Both drugs from Yao Pharma and Huadong Medicine act on the glucagon-like peptide-1 (GLP‑1) pathway. GLP-1 is a natural hormone primarily produced in the gut after eating. Once released into the bloodstream, it acts as the body’s “satiety signal”, travelling to the pancreas to stimulate insulin, to the brain to reduce appetite and to the stomach to slow digestion.

GLP-1 receptor agonist drugs are designed to mimic the hormone, which normally disappears from the bloodstream within minutes.

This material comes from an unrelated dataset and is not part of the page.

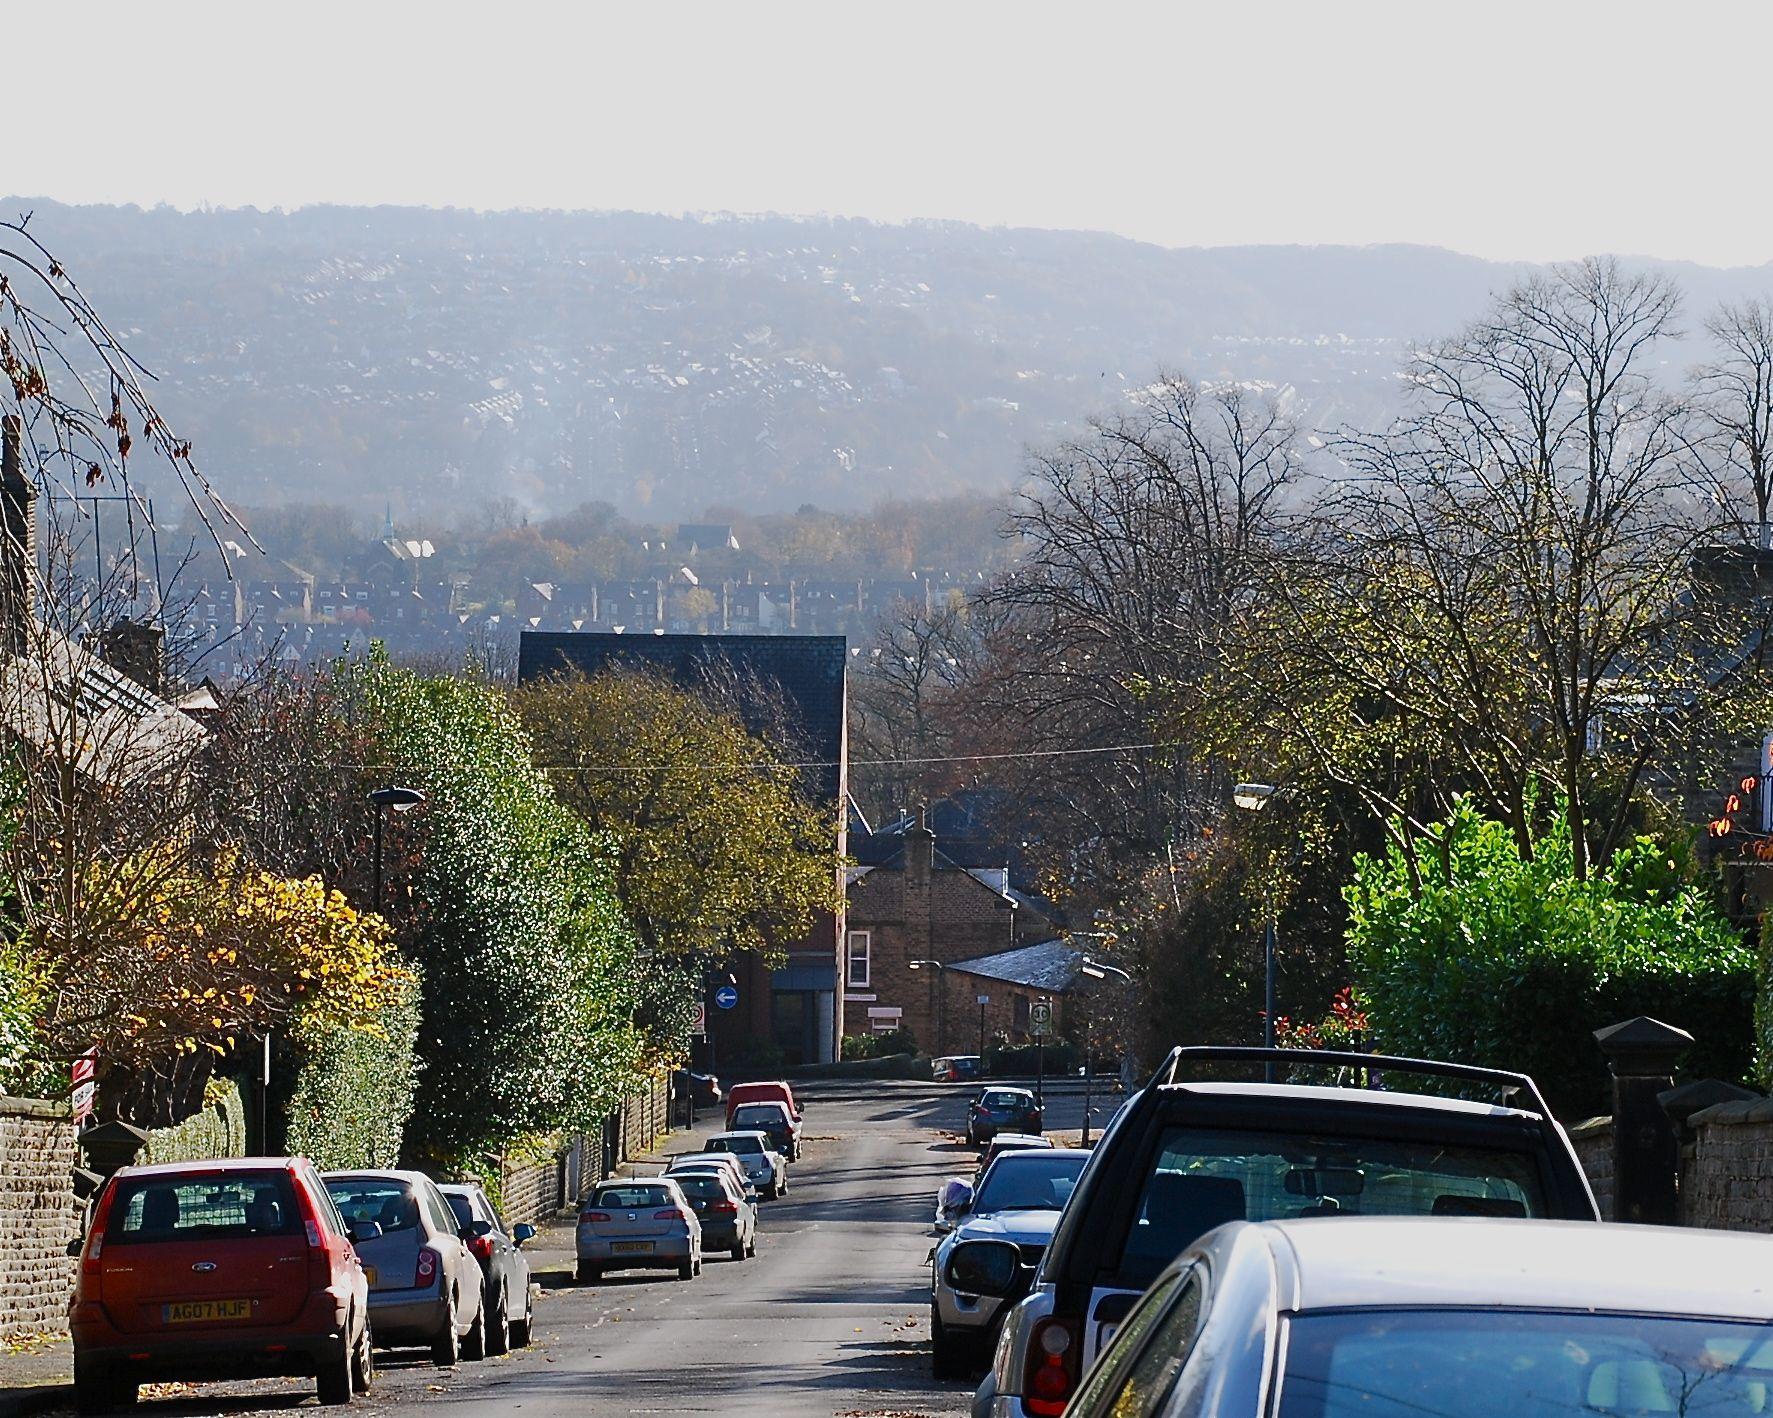 Views across the city

“Human-to-pet translation could become an increasingly important model for Chinese biotech, not only for GLP-1, but also for other highly competitive targets,” said Qin Jiawei, a principal at L.E.K. Consulting. “Licensing human-to-pet assets enables faster access to high-quality innovation, especially when the target is already well validated in humans.”

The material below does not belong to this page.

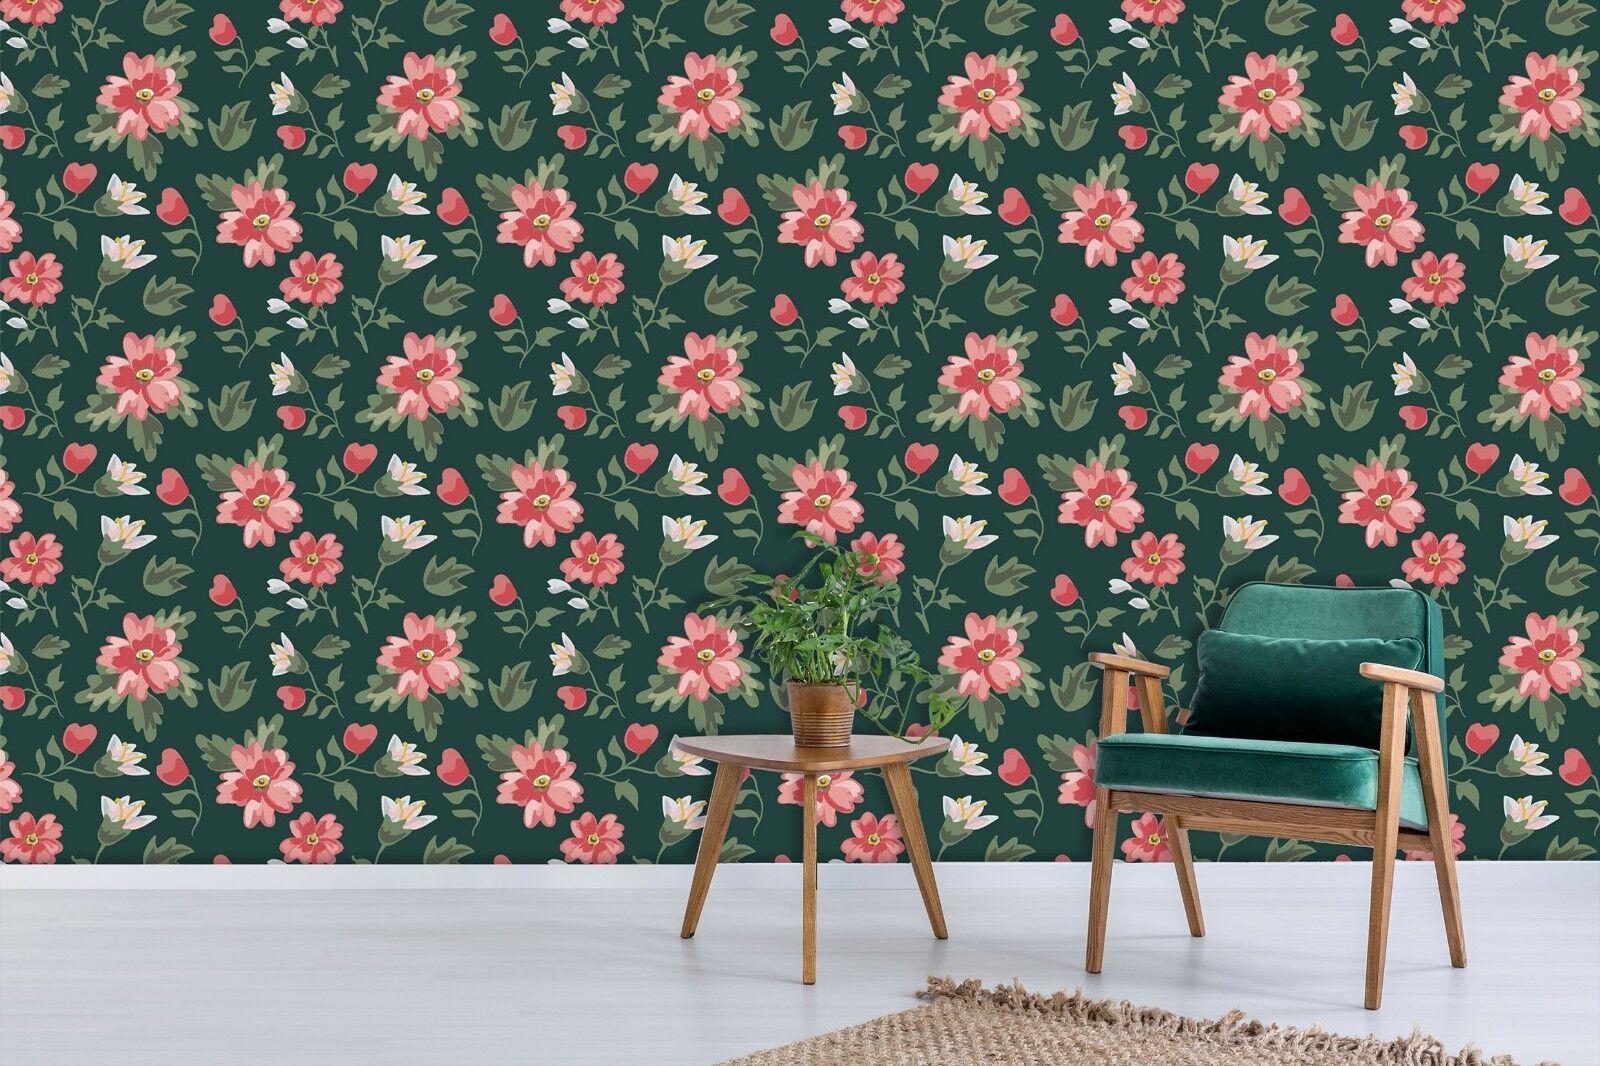 3D Flower Graffiti Bloom 21091 Wallpaper Mural Wallpaper UK Summer

Qin added that from a global animal health perspective, “the companion animal market is experiencing structural growth driven by several long-term trends”. These include a “growing and ageing pet population, the increasing humanisation of pets, rising disposable incomes, greater penetration of pet insurance and wider acceptance of advanced therapeutics in veterinary medicine”.
The pet weight-loss drug market shows strong potential. While awareness of obesity-related risks among pet owners remained low, multiple international studies showed that about 40 to 50 per cent of adult dogs and cats over 1.8 years old worldwide were overweight or obese, conditions that could cause cardiovascular, metabolic and orthopaedic diseases and significantly impact both lifespan and quality of life, according to Qin.

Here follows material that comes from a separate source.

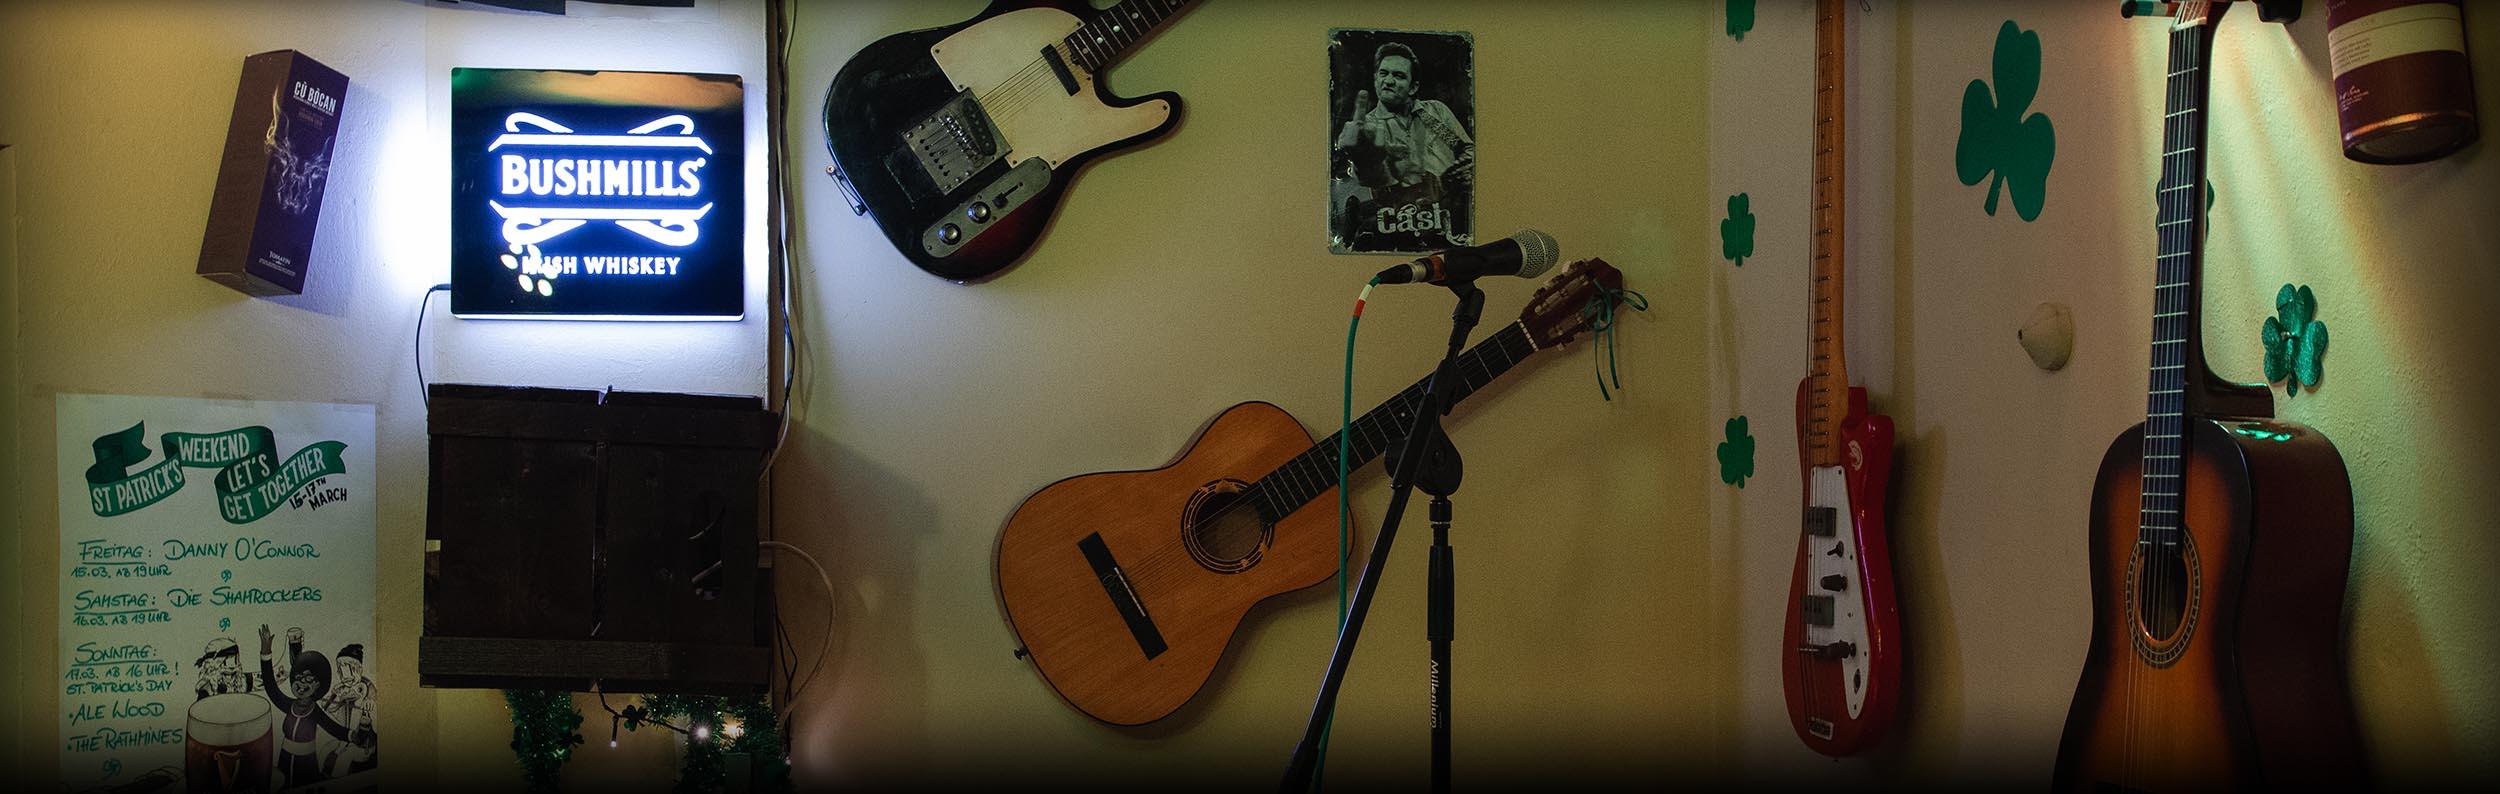 Shamrocks-Irish-Pub-Potsdam-Veranstaltungen-Eventkalender

In China, the total pet population reached 430 million in 2024, with nearly one-third of urban cats classified as obese, according to a report by the China Pet Industry Association.

China’s human weight-loss drug market targeting GLP-1 receptors has heated up in recent years, with both global and domestic pharmaceutical players racing to bring the next blockbuster therapy to the world’s second-largest pharmaceutical market, drawn by enormous demand and strong profit potential.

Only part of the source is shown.